### Problem requirements
Every line of the entries below that mentions "Pucci" is to be copied out.

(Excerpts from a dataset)
◇ ◇ ◇ ◇ ◇ ◇ ◇

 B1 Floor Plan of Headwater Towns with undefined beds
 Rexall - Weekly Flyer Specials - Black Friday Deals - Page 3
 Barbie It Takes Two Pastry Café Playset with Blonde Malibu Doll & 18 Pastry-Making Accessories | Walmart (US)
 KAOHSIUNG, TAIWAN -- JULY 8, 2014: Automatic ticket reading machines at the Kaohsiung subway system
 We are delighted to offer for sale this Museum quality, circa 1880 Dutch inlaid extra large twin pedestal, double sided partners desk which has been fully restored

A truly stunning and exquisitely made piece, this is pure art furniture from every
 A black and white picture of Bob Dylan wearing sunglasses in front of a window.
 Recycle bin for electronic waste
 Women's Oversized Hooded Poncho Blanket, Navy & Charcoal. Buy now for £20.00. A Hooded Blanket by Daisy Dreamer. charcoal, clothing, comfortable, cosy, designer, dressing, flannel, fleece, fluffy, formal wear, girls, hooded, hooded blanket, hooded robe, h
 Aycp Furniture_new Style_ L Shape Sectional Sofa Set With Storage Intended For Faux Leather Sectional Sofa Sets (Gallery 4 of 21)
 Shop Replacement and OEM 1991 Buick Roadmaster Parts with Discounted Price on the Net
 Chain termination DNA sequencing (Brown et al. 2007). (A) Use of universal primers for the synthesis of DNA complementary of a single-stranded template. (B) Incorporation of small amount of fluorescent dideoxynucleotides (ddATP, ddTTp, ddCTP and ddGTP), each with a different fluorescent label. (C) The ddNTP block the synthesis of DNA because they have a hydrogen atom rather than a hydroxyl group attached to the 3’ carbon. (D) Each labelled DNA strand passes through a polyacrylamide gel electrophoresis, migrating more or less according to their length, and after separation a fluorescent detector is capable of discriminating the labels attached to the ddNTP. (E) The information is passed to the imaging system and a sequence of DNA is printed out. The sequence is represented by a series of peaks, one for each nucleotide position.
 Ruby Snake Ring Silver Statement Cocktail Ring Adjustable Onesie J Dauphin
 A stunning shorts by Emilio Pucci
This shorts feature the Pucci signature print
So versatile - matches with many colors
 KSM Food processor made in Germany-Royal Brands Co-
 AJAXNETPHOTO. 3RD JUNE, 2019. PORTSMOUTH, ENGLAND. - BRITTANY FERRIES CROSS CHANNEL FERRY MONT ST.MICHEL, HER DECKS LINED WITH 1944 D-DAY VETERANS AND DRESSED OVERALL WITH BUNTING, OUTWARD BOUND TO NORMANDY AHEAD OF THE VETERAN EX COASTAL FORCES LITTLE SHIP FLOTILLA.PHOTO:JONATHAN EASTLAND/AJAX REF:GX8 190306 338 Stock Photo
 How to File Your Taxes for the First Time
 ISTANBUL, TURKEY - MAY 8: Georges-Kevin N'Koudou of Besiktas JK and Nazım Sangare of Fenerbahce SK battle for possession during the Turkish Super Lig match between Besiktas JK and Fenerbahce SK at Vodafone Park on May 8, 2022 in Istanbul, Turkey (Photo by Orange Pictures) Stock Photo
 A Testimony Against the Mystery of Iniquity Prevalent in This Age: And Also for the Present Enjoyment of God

◇ ◇ ◇ ◇ ◇ ◇ ◇

### Answer for this exercise
 A stunning shorts by Emilio Pucci
This shorts feature the Pucci signature print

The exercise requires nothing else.